Mrs. May was still rather sleepy, and, as usual, more or less inattentive to her husband’s remarks. She began turning over the letters the post had just brought for her, whereat Mr. May gave a sharp rap on the table with the handle of a fork.
“My tea!” he repeated. “D’ye hear? I want my tea!”
Mrs. May rolled her pale eyes at him protestingly as she lifted the teapot.
“I hear perfectly,” she answered with an assumption of dignity. “And please be civil! You can’t bully me as you bully Diana.”
“I bully Diana! I!” And Mr. May gave a short, scornful laugh. “Come, I like that! Why, the woman doesn’t know what bullying is!

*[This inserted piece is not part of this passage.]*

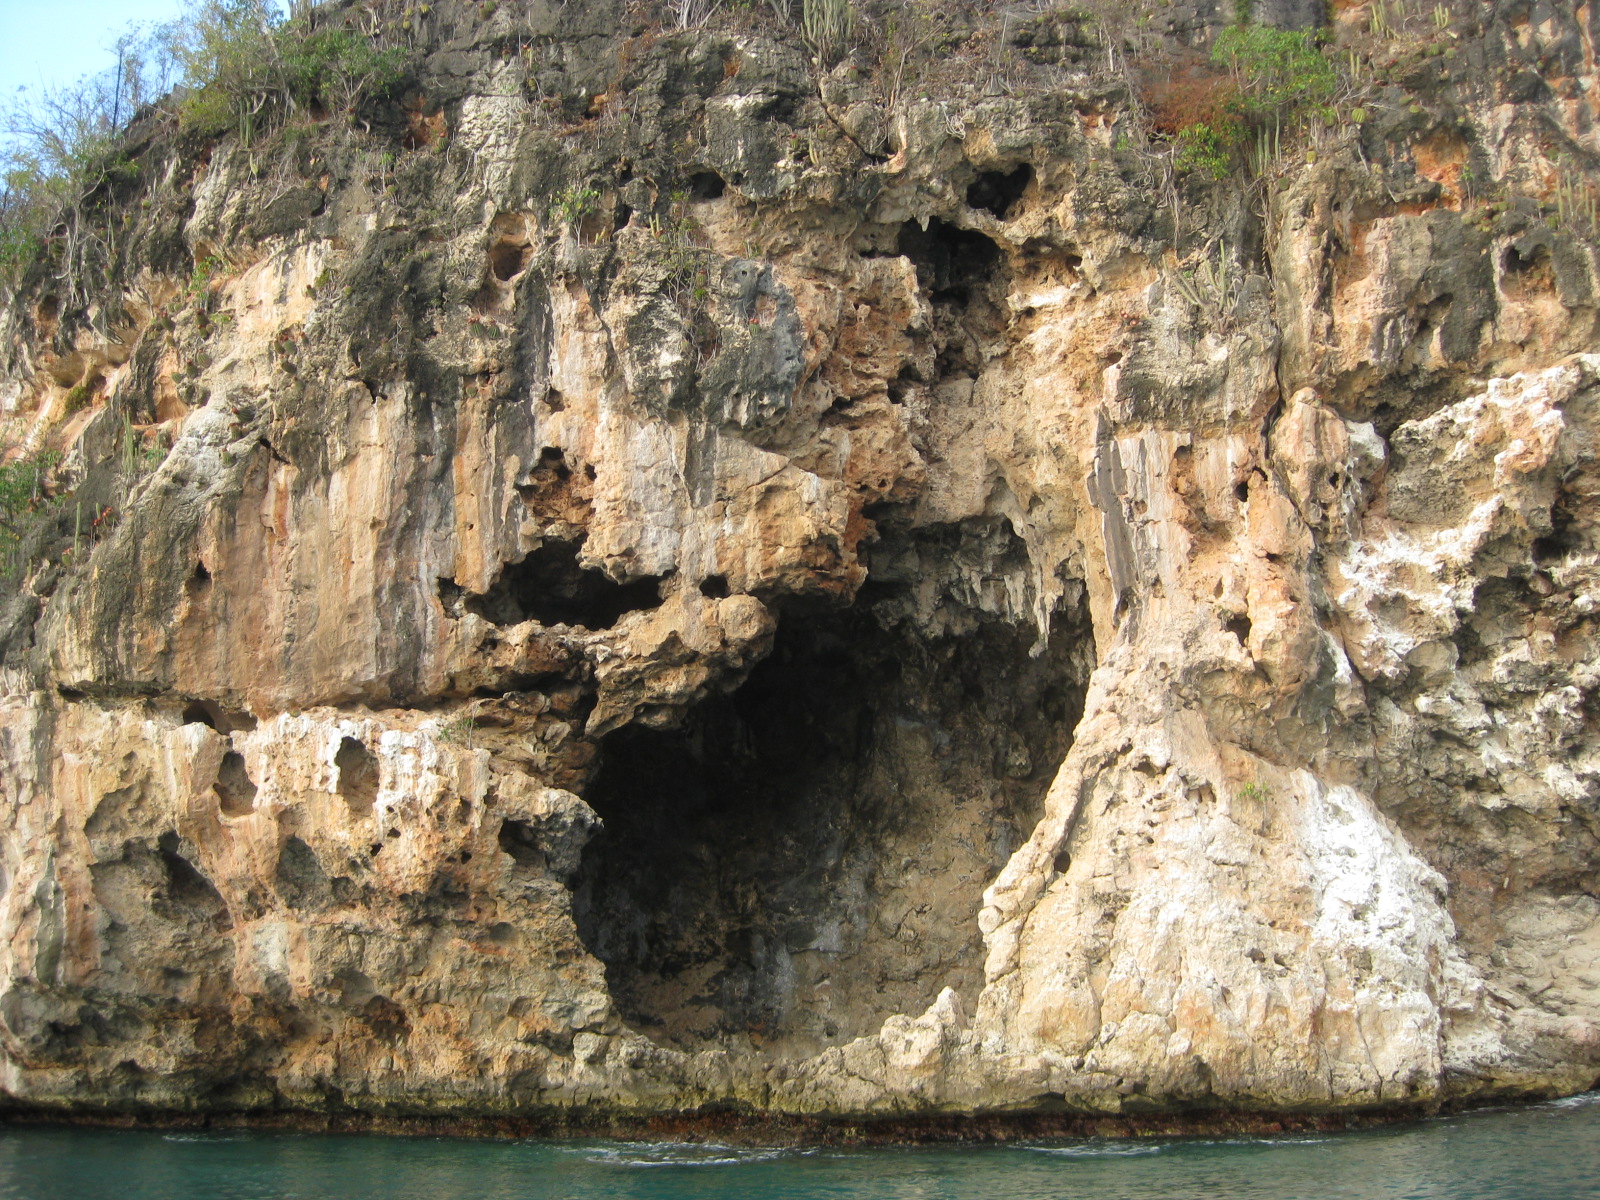 National monument of Anguilla - Fountain Cavern National Park
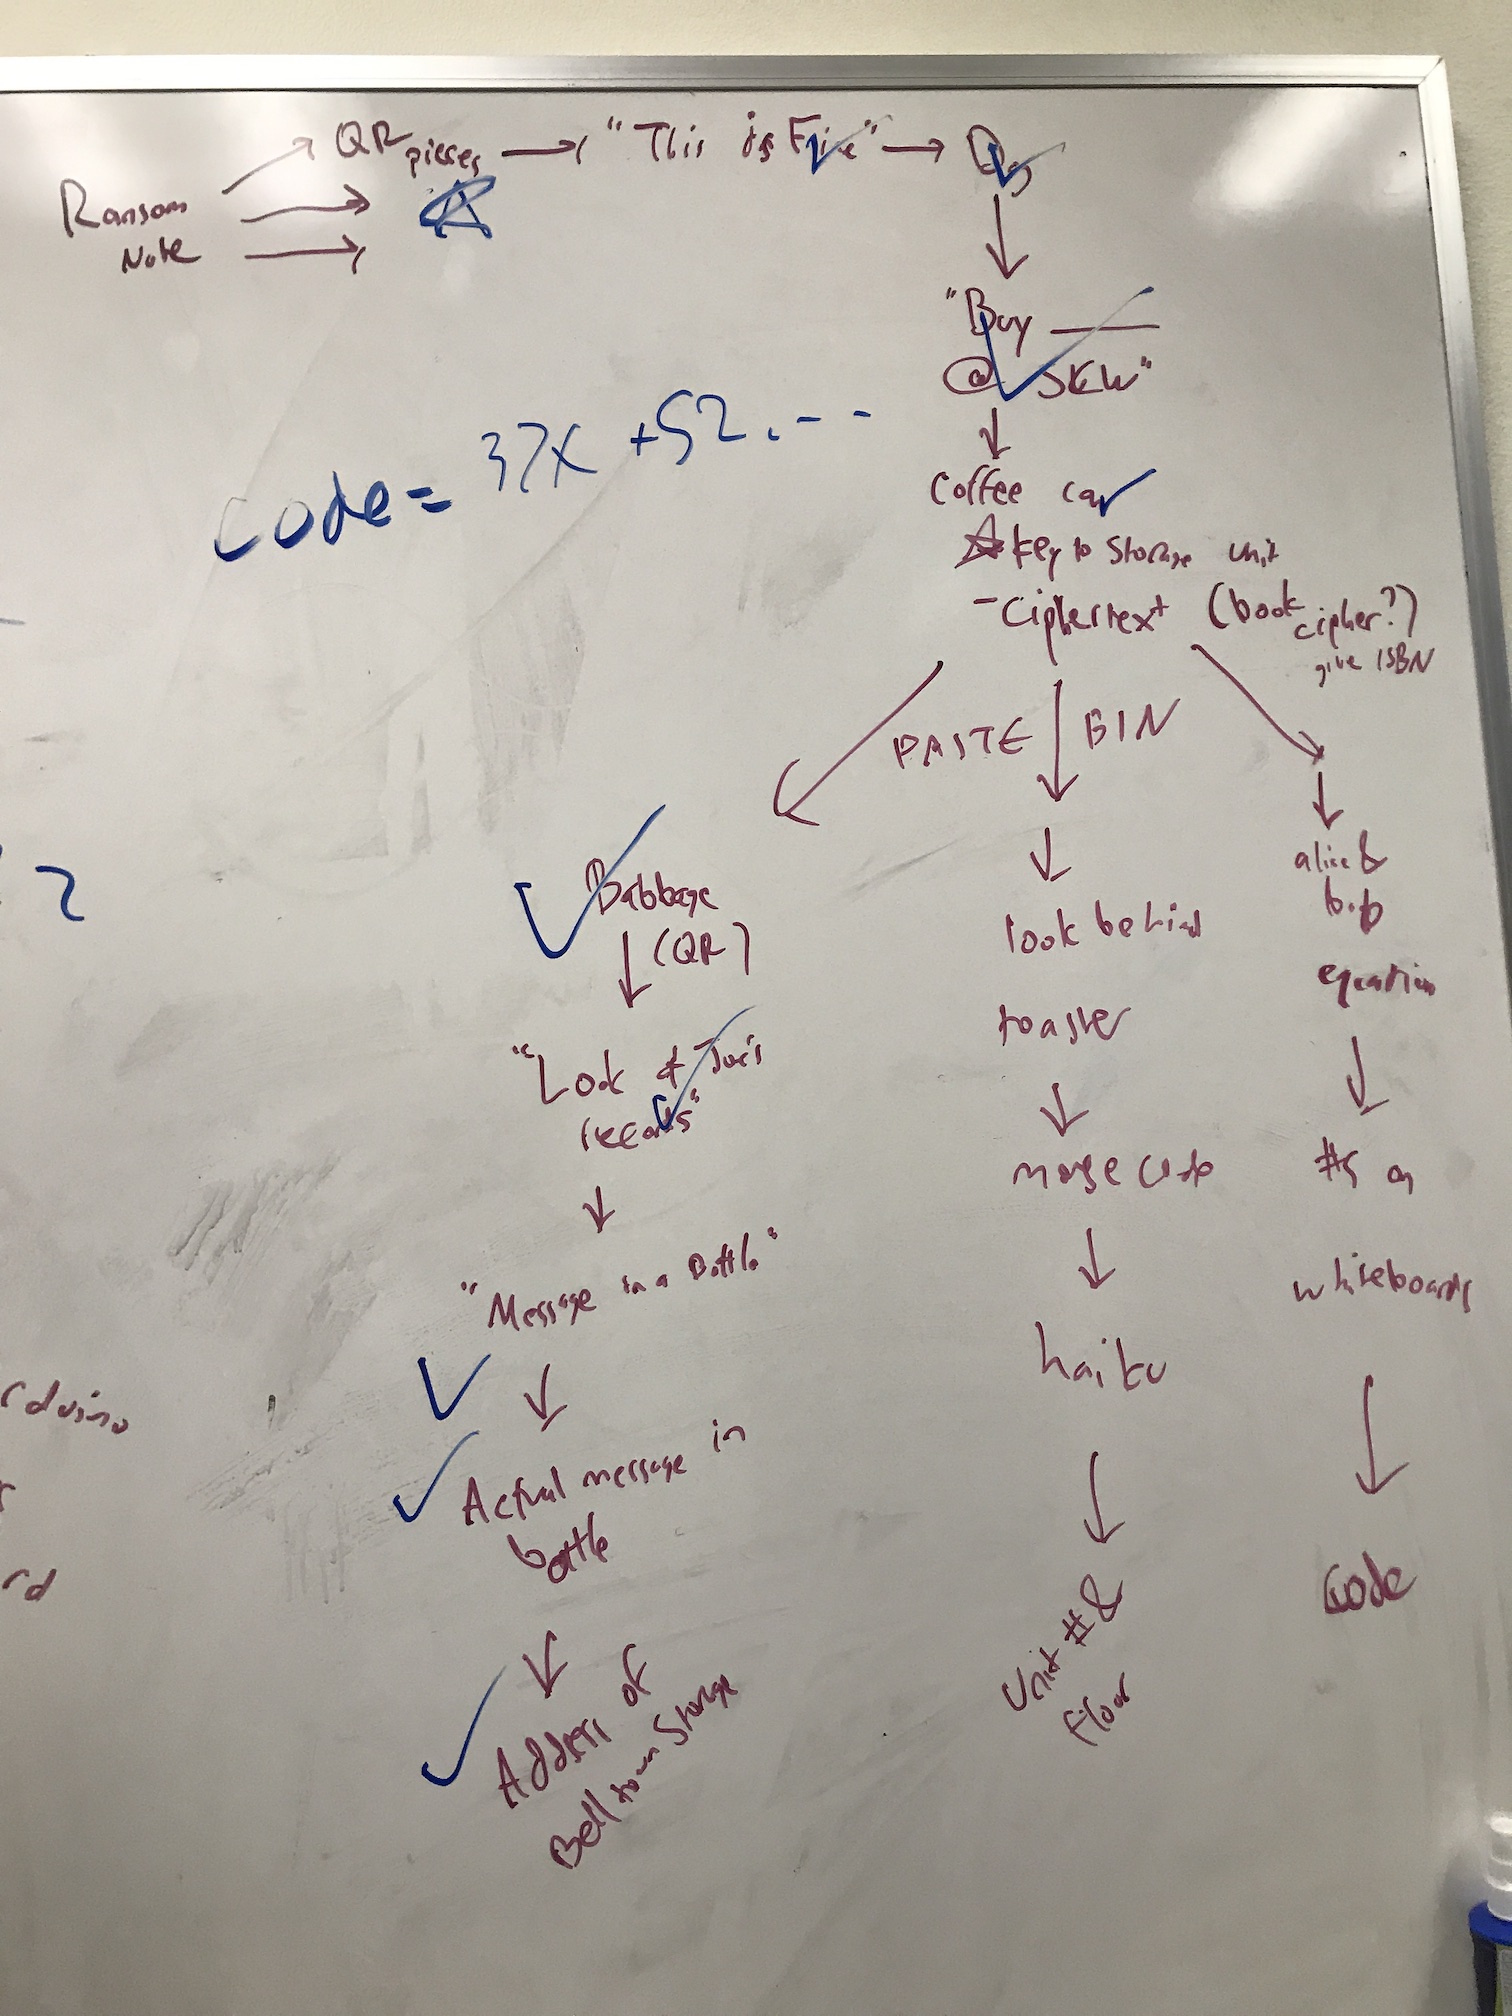 Whiteboard flow chart of puzzle steps.     'Ransom Note' leads to 'This is Fine,' which leads to 'Dog,' which leads to 'Buy blank at SCW,'     which leads to 'coffee can; key to storage unit; ciphertext (book cipher?); give ISBN,'     which leads to 'PASTEBIN,' which then splits into three branches.     First branch: Babbage (QR) leads to 'Look at Joe's records' which leads to 'Message in a Bottle,'     which leads to 'Actual message in bottle,' which leads to 'Address of Belltown Storage.'     Second branch: 'look behind toaster' leads to 'Morse code' which leads to 'haiku'     which leads to 'Unit # & floor'     Third branch: 'alice & bob' leads to 'equation' which leads to 'numbers on whiteboards'     which leads to 'code'

She’s had a path of roses all her life—roses, I tell you! Never a care,—never a worry,—no financial difficulties—always enough to eat, and a comfortable home to live in. What more can she want? Bully, indeed! If she had married that confounded officer for whom she wasted the best seven years of her life, then she’d have known something about bullying! Rather! And I daresay it ’ud have done her good. Better than being an old maid, anyhow.”
Mrs. May handed him his tea across the table.
“I wonder where she is?” she questioned, plaintively. “I’ve never known her so late before.”
“Went out at six,” said Mr. May, with his mouth full of bacon. “The kitchen-maid saw her go.”
Mrs. May rang a small hand-bell at her side.
The parlour-maid answered it.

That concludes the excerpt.